The latest Multidimensional Poverty Index data released by UNDP finds that among the 1.1 billion people in the most extreme condition, 1 in 5 live in India. Rural areas have the most extreme situations. Fr. Nithiya Sagayam to AsiaNews: “Data that also challenge us as a Church. When will we see a true social synodality?"

Mumbai (AsiaNews) - India is among the five countries globally with the highest number of people living in poverty. This is noted in the latest update of the Global Multidimensional Poverty Index (MPI), released in recent days by the United Nations Development Program (UNDP) and the Oxford Poverty and Human Development Initiative (OPHI).

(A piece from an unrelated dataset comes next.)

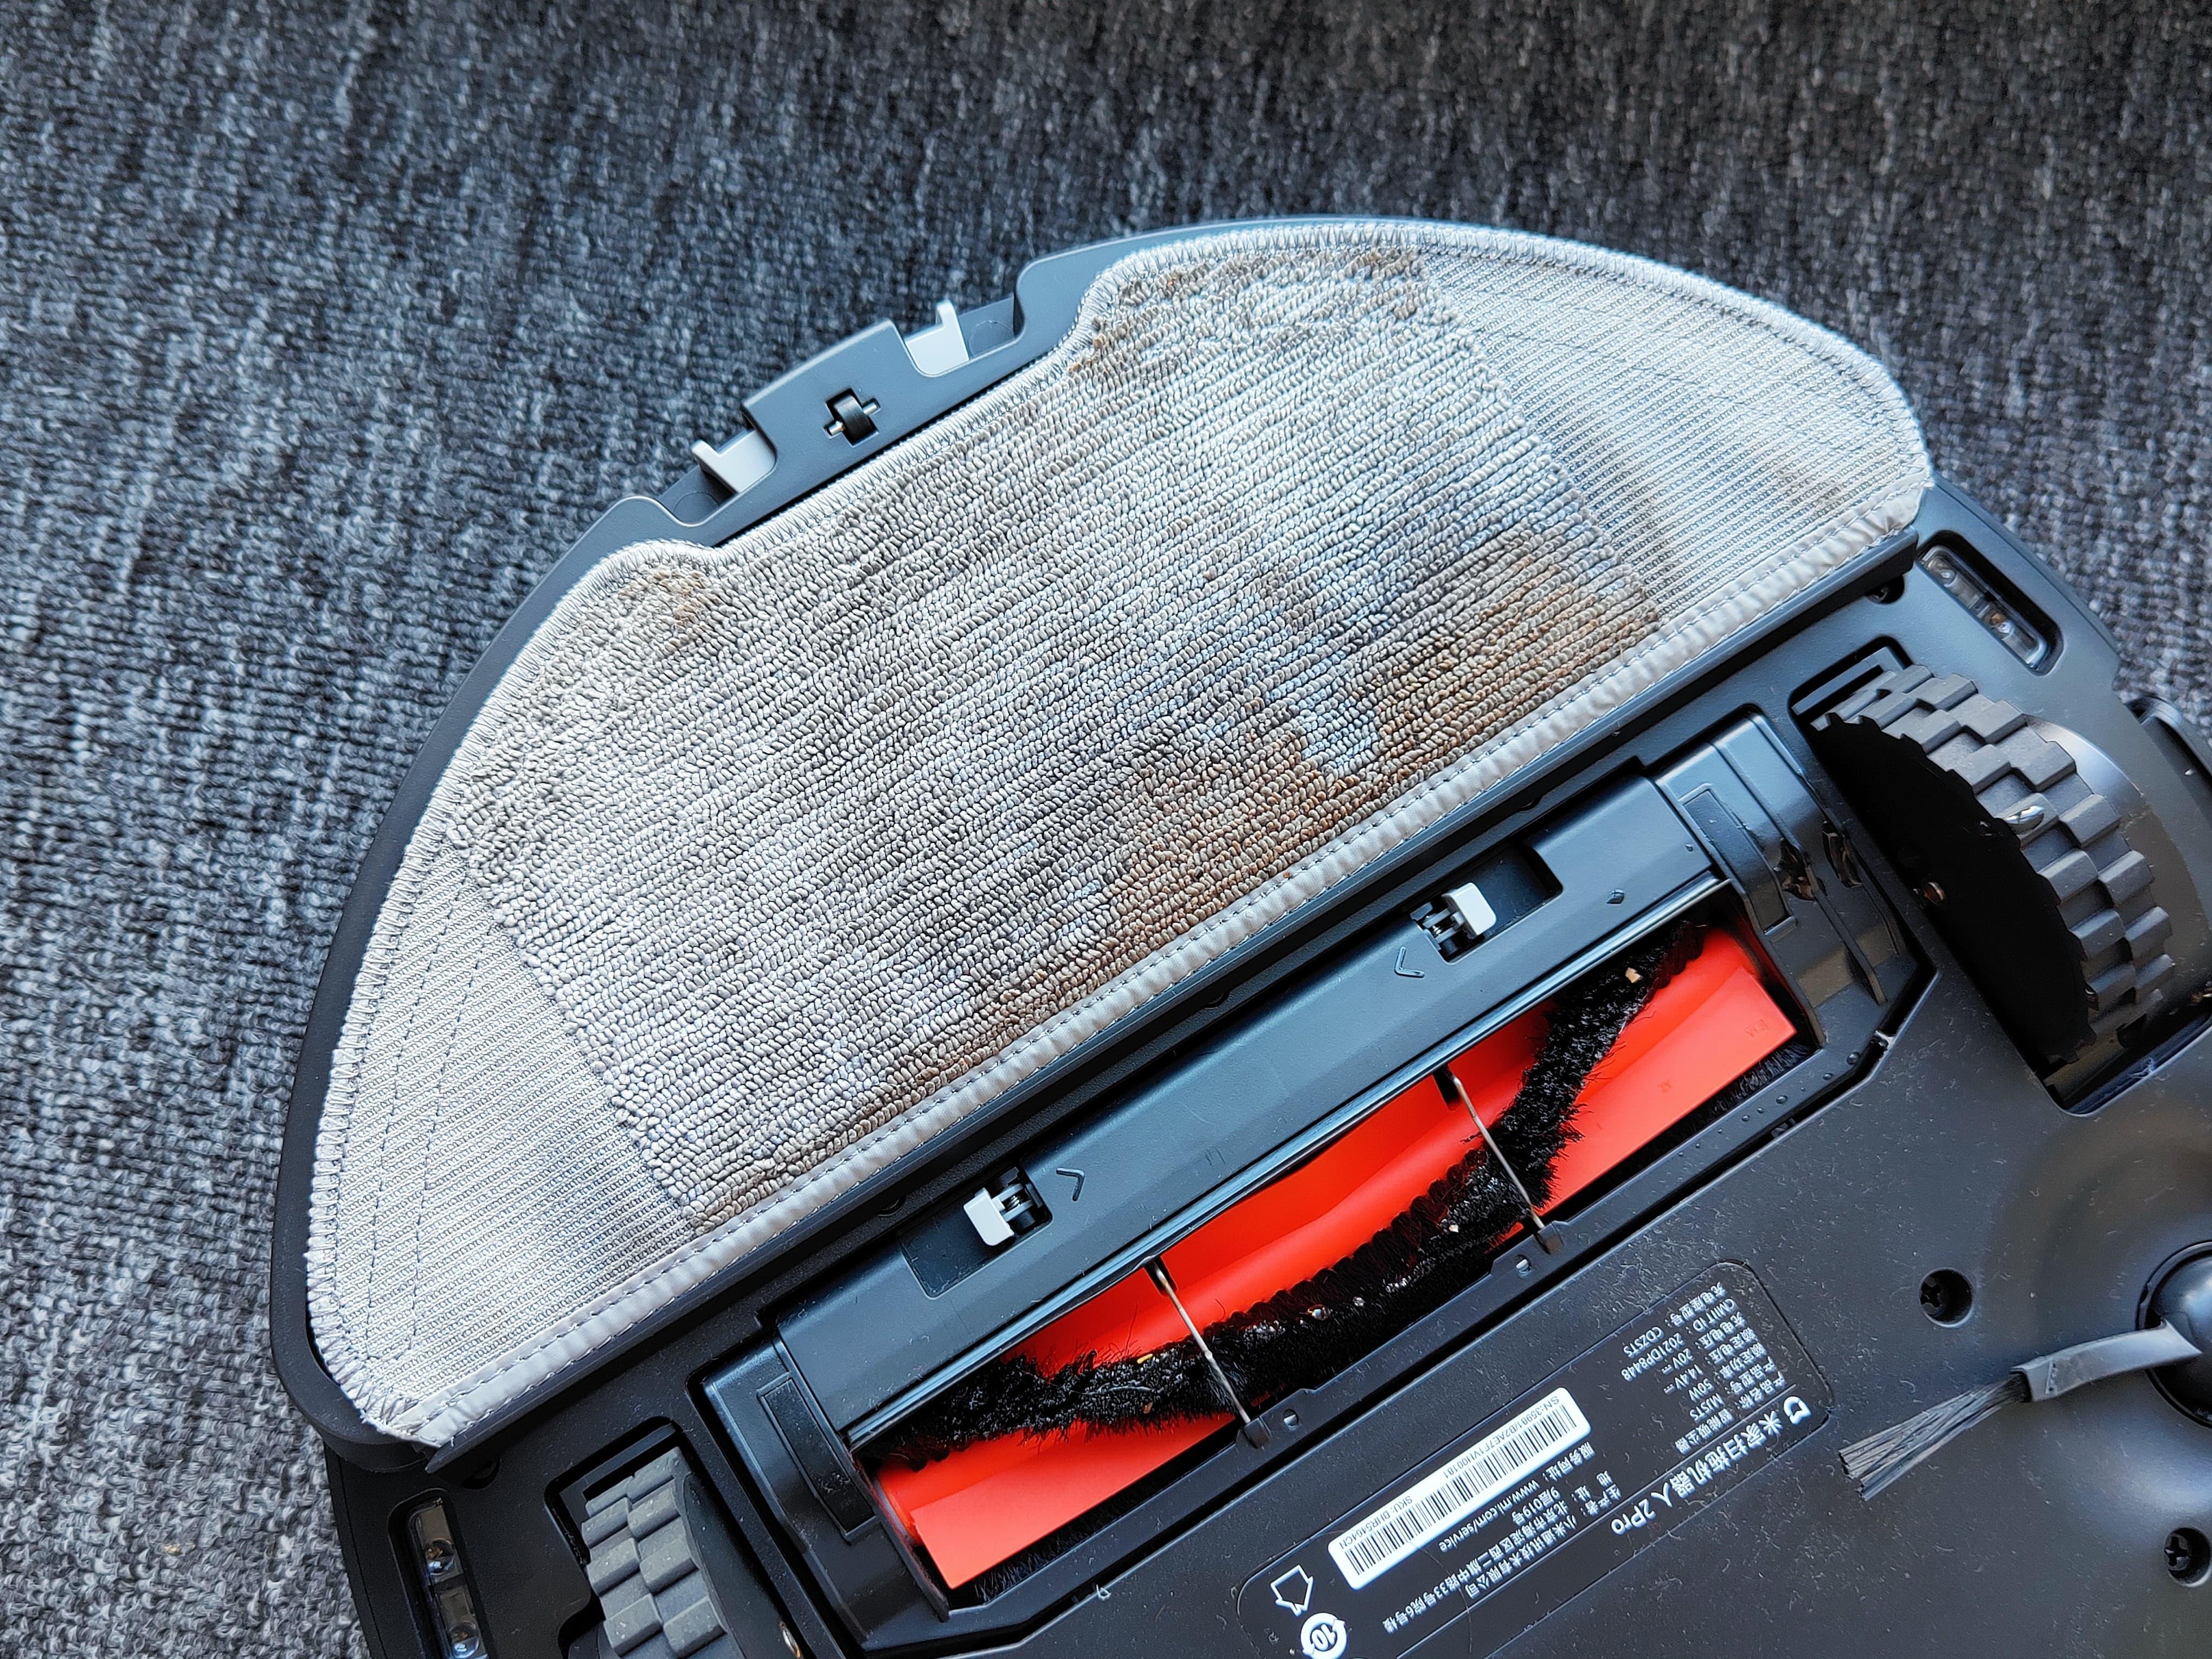 米家扫拖机器人 2Pro体验:拖地更好 价格更少
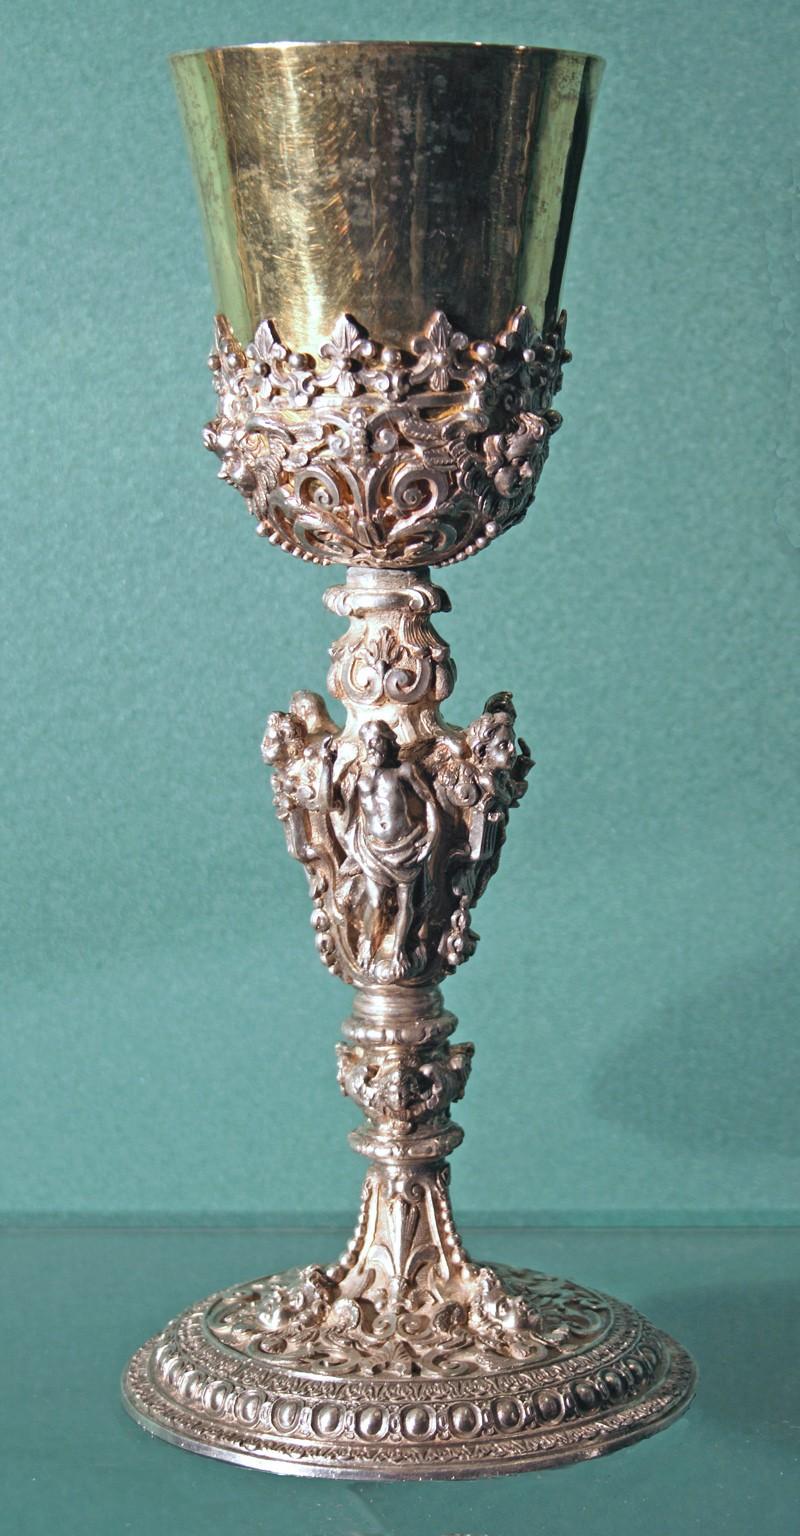 Bott. napoletana secc. XVII-XVIII, Calice con fusto figurato

According to this report, 1.1 billion people, more than half of whom are children, live in severe poverty worldwide; of these, 40 percent live in countries at war or in fragile or precarious peace.

India has as many as 234 million people living in poverty, followed by Pakistan (93 million), Ethiopia (86 million), Nigeria (74 million) and the Democratic Republic of Congo (66 million). Together, these five countries account for nearly half (48.1 percent) of the 1.1 billion poor.

In South Asia 272 million of the poor live in households with at least one undernourished person, even more than the 256 million in sub-Saharan Africa. Globally, about 83.7 percent of the poor live in rural areas. In all regions of the world, rural dwellers are poorer than those in urban areas. Overall, 28 percent of the global rural population is poor, compared to 6.6 percent of the urban population.

“These figures come as a great shock,” comments Fr. Nithiya Sagayam, Capuchin friar secretary of the Tamil Nadu Bishops‘ Conference Commission for the Most Emerginated Social Groups and former executive secretary of the Indian Bishops’ Conference (CBCI) Commission on Justice, Peace and Development.

“We have neglected the social and economic development of the people. Many resources are being shifted to corporate sectors. We have failed to raise our voice against this phenomenon. The Pope has made it very clear that the Church should be the Church of the poor.”

And it is a challenge that touches specifically on the Indian Church, “In all our institutions, where is the policy for the poor? - Fr. Sagayam continues. In schools, it doesn't exist; where do tribals and dalits end up? We would need a social synodality, related to oppression, caste system, divisions, discrimination, rights, rituals... Inequality, low status of women in society, illiteracy, unemployment, stagnant rural wages-these are all issues we don't worry about. India needs an economic-social synodality if we want to give answers to the people and their needs.”